DMs can award savvy at any point during a campaign as a reward for clever thinking or engaging moments. Savvy above your essence limit will be retained until spent, but is always the first Savvy spent.
Assisting Tests
In some circumstances, a second pair of hands can help assure success. For extended or cumulative tests, multiple characters may be able to roll together to pool successes.
In situations where only one character can make the test (such as a stealth test), other characters may be able to boost the success or reduce mistakes.
Assist actions must always explicitly state how they are helping. To assist a stealth action, you may need to create a distraction, physically block a guard’s sightline, pick up dropped items, or hack cameras. You could assist a perception test by creating a diversion, moving blocking objects, or holding a light.
Successes can be spent either to negate mistakes, or to lower the threshold for the assisted character’s roll.
Assist actions can be resolved before or after the helped check, but the decision to reduce mistakes or lower the threshold must be made before rolling the assist.
Assist actions are not exempt from mistakes.
Complete Fumbles
Every now and then an attempt fails completely through bad luck, bad timing, or both. If a player rolls more 1s than successes on any given test, the test is considered a complete fumble.
Complete fumbles automatically add all outstanding 1s to the alarm pool and trigger the alarm pool to be rolled. Any alarm triggered must be resolved before moving on from the test.
No attempts at mitigation or assistance can reduce the # of 1s added to the alarm pool after a complete fumble is triggered.
If the fumble had enough successes to succeed at the action, the action might be completed. For example, if picking a lock, the lock with still be picked at the end of a critical fumble, but the door might open to a room full of guards, a silent alarm might be triggered, or someone might spot the character kneeling in front of the door on a camera. In some circumstances, having the action succeed might actually be harmful, but it will still complete.
Extended Tests
Not all failed tests must be abandoned. Some tests are able to cumulate successes over a space of time. Extended tests keep all of the mistakes and successes from each previous roll until the action is successful or abandoned, at which point they are resolved.
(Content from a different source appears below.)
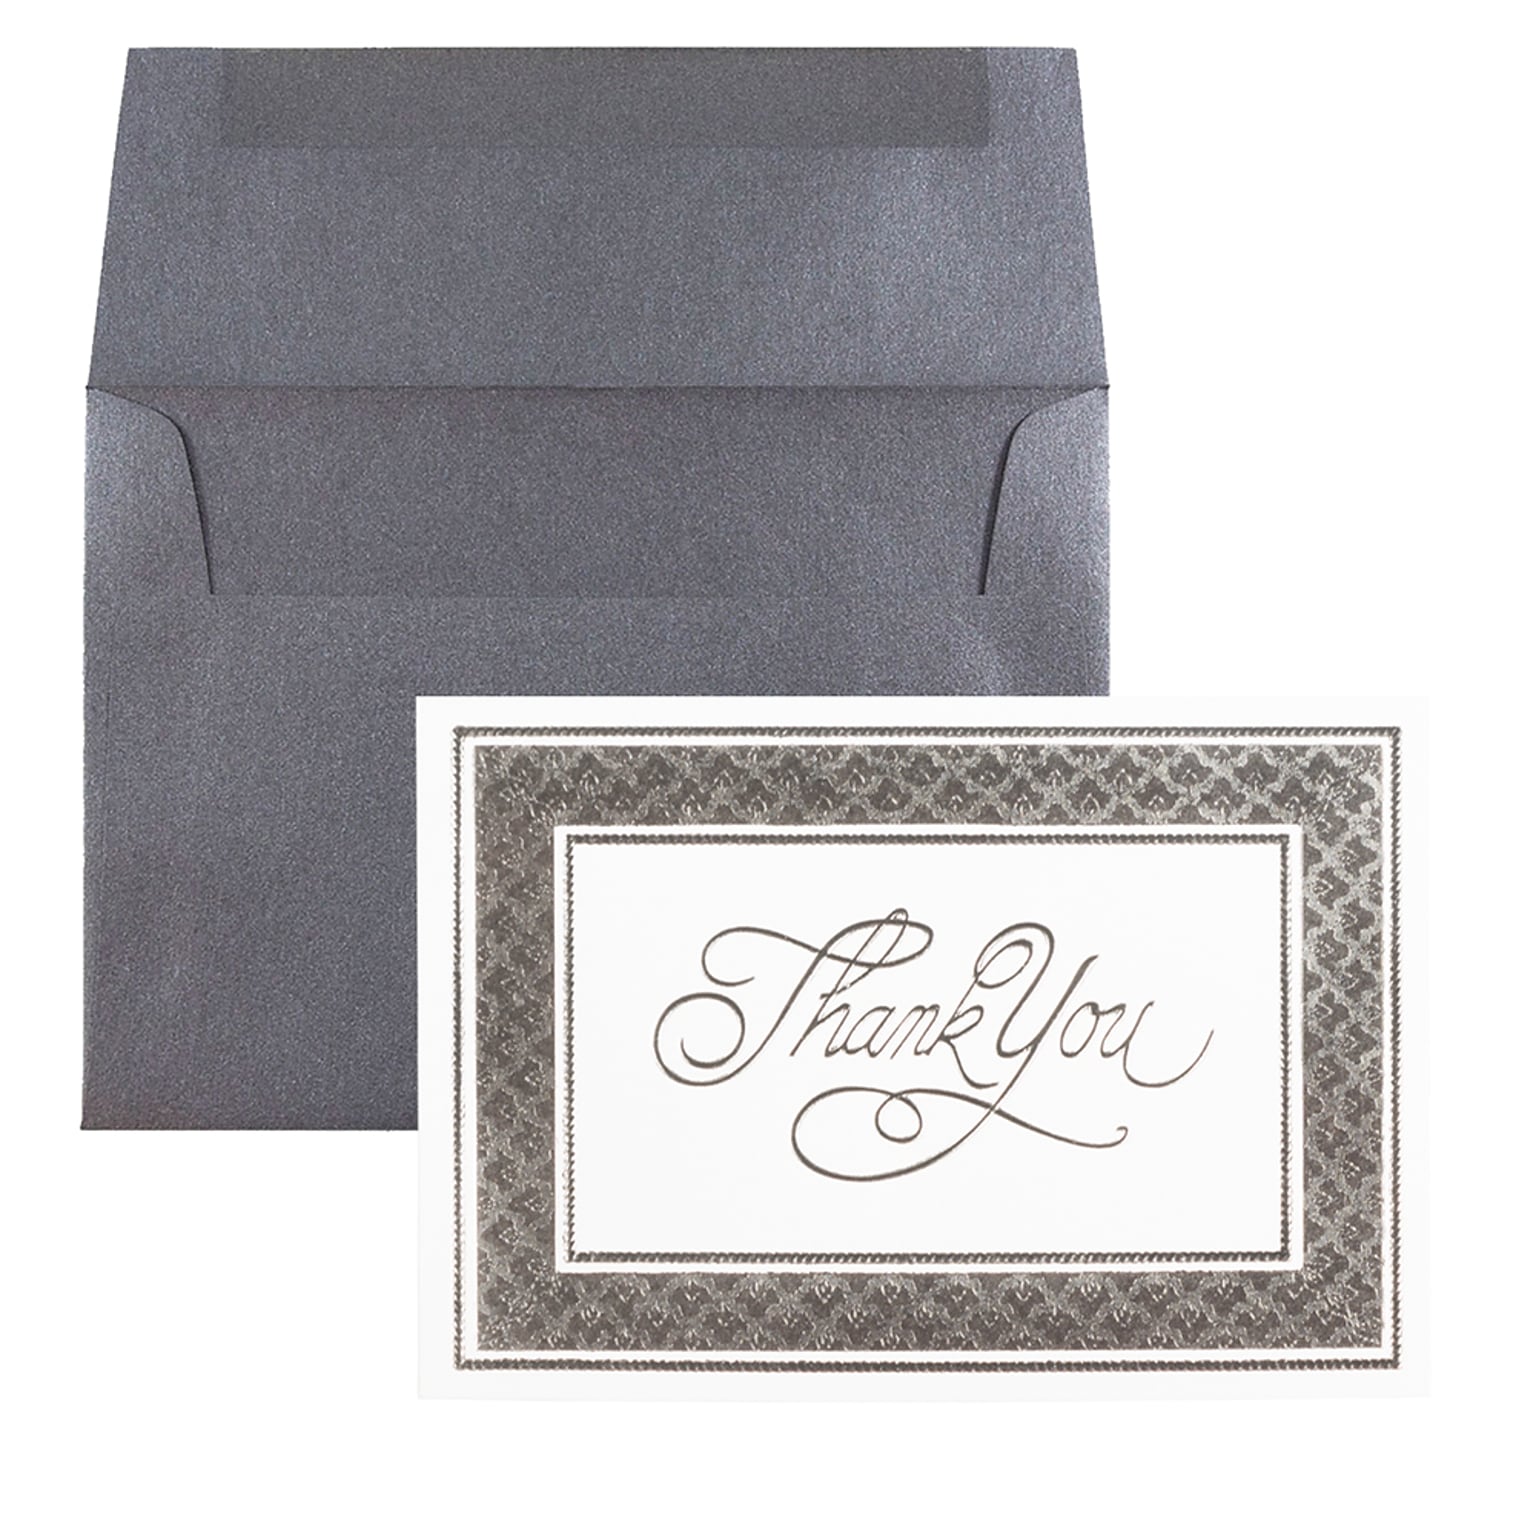 JAM Paper® Thank You Card Sets, Silver Border Cards with Anthracite Stardream Envelopes, 25 Cards and Envelopes (526M1122MB)

Mistakes can be negated by team efforts during each round, otherwise they will be added to the alert pool when the action ends.
Any success overages can be spent during the final action resolution as normal.
Each roll takes the full duration of the action test. For a crafting check that lasts hours, this means each roll represents a loss of hours.
When attempting a simple success-fail extended test, the character will lose all accumulated efforts if they take any other actions until the test ends.
When attempting a cumulative-success extended test, the character will keep all successes but immediately resolve mistakes if they take any other actions.
For example:
An extended test to pick a door lock: Each roll counts as half a minute. If the character stops picking the lock they trigger mistakes and must start over if they pick the lock again.
An extended test to digitally research a mark: Each roll counts as an hour. If the character stops researching they trigger mistakes but keep the research gathered.
Metered Trackers
For some extended tests and situations, [Working title] leverages a metered tracker. These trackers mark incremental situation changes over time.
For each filled tier of a metered track, effects will apply to characters. This may include circumstantial changes and dice pool bonuses or penalties.
The outcomes of some simple checks may impact ongoing metered trackers, such as a fumbled check raising the alert level.
Most metered tracks have a limit or cap. When the metered track is completely filled, additional effects may occur and spillover to other tracks may be triggered.
Metered trackers are cumulative. Effects from each previous tiers apply even after moving on to the next tier.